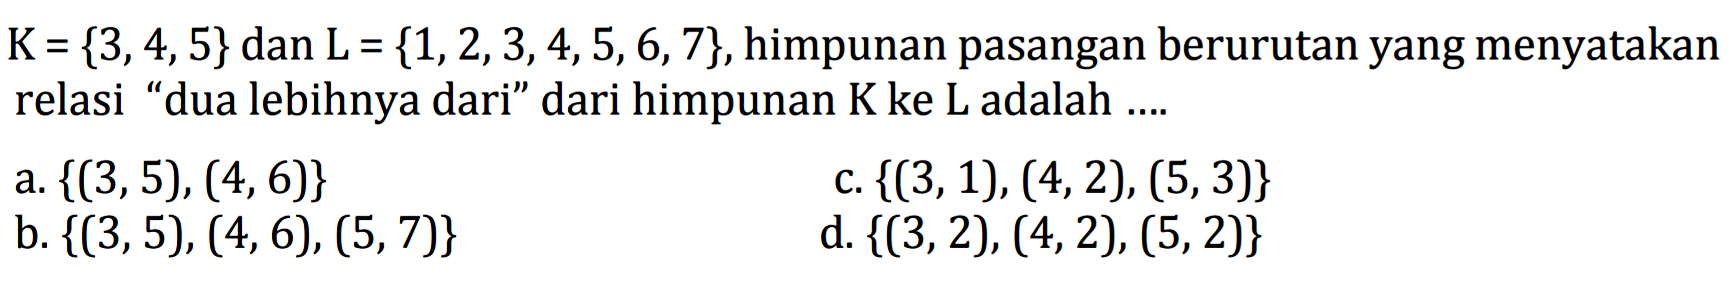 K= {3,4,5} dan L = {1,2, 3,4,5,6,7}, himpunan pasangan berurutan yang menyatakan relasi "dua lebihnya dari" dari himpunan K ke L adalah
 a. {(3,5), (4,6)} 
 b. {(3,5), (4,6), (5,7)}
 c. {({3,1), (4,2), (5,3)} 
 d. {(3,2), (4,2), (5,2)}
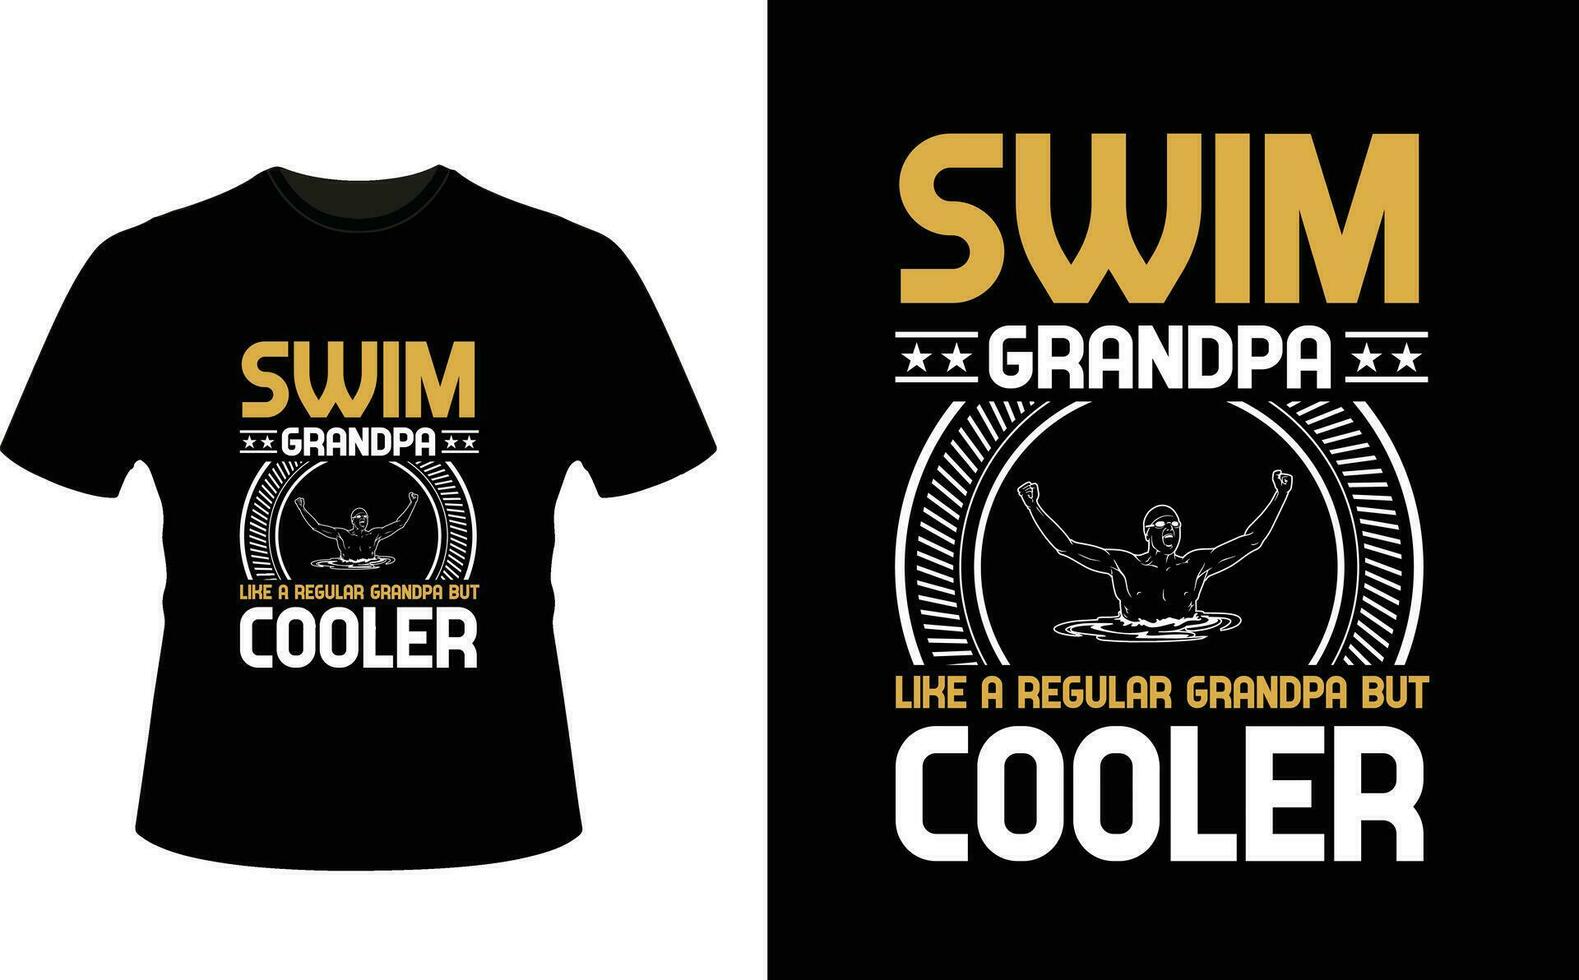 zwemmen opa Leuk vinden een regelmatig opa maar koeler of opa t-shirt ontwerp of opa dag t overhemd ontwerp vector
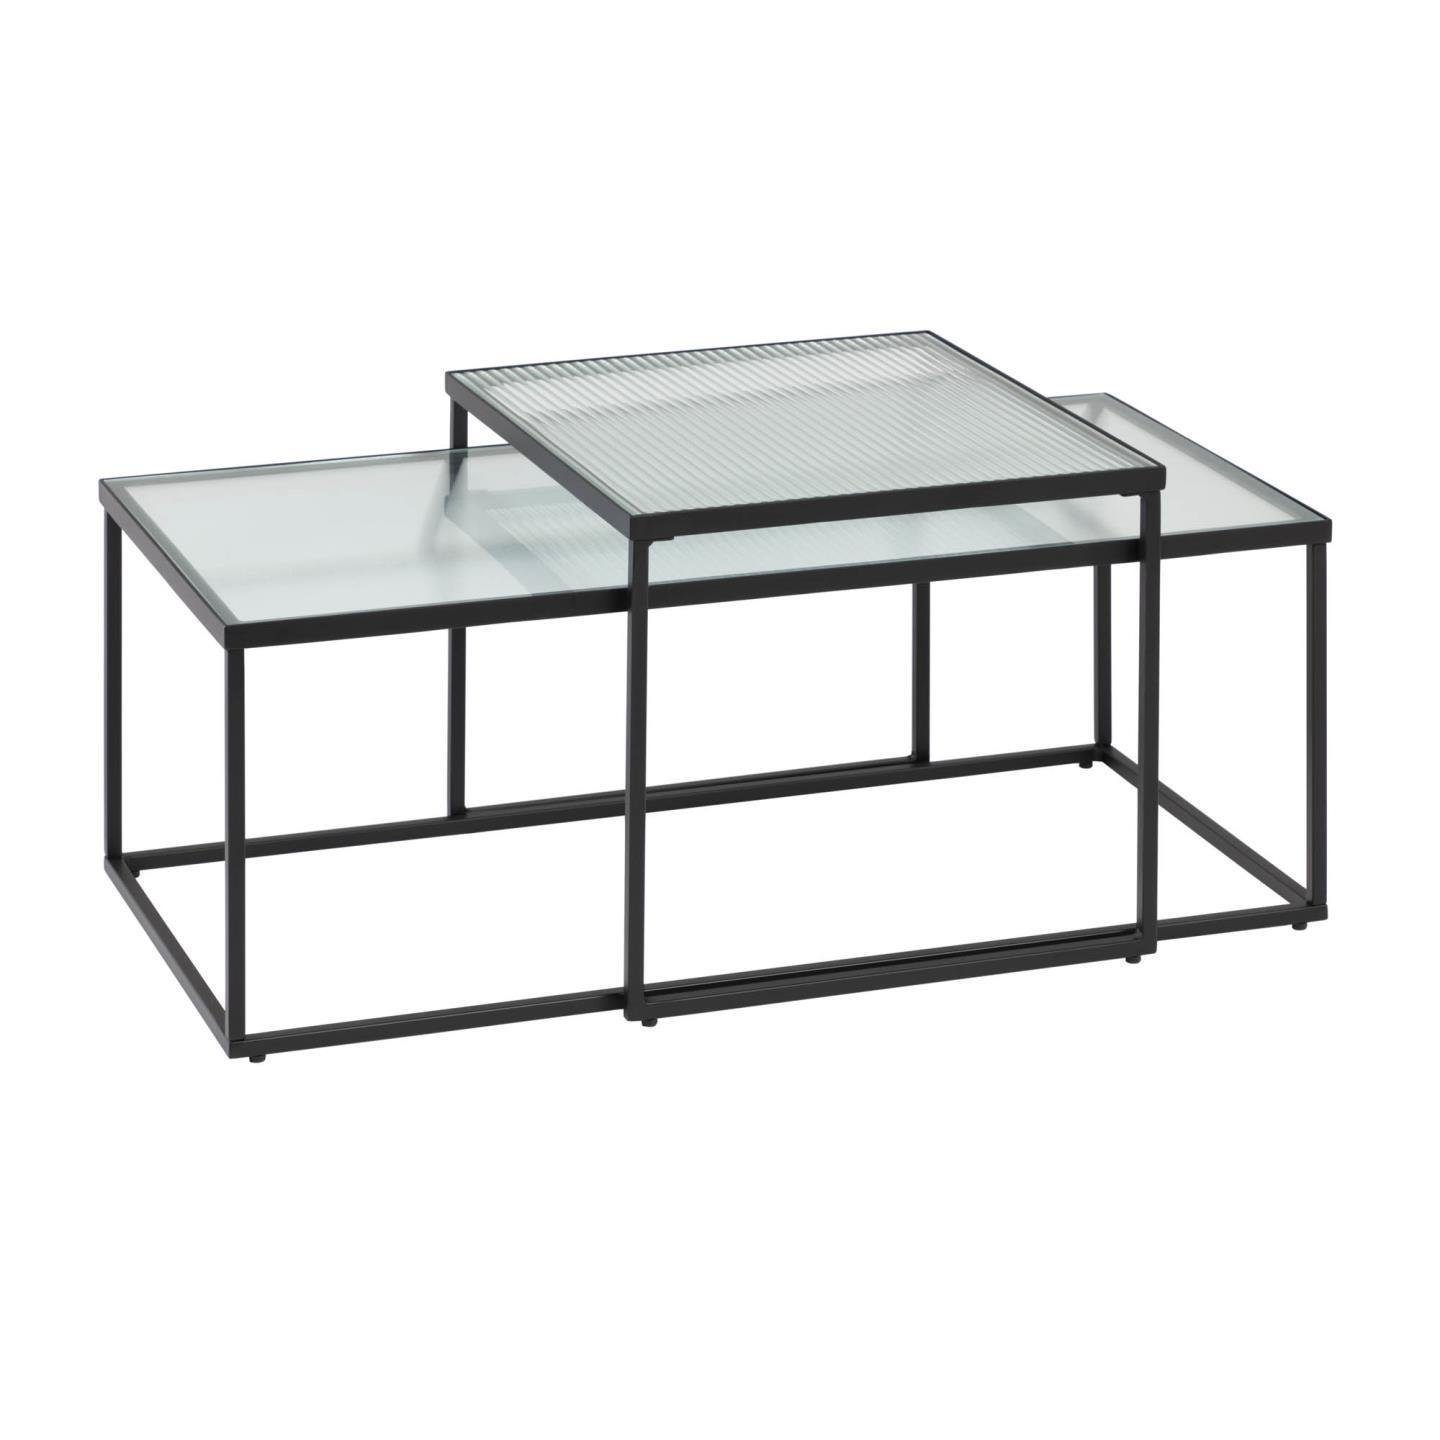 Akemi Beistelltisch Natur24 Glas Set 2 100x43x55cm Couchtischen Tisch Beistelltisch

Work instruction: Your copy should match every record exactly and contain no pictures.

Output for this exercise:
 K= {3,4,5} dan L = {1,2, 3,4,5,6,7}, himpunan pasangan berurutan yang menyatakan relasi "dua lebihnya dari" dari himpunan K ke L adalah
 a. {(3,5), (4,6)} 
 b. {(3,5), (4,6), (5,7)}
 c. {({3,1), (4,2), (5,3)} 
 d. {(3,2), (4,2), (5,2)}
 zwemmen opa Leuk vinden een regelmatig opa maar koeler of opa t-shirt ontwerp of opa dag t overhemd ontwerp vector
 Akemi Beistelltisch Natur24 Glas Set 2 100x43x55cm Couchtischen Tisch Beistelltisch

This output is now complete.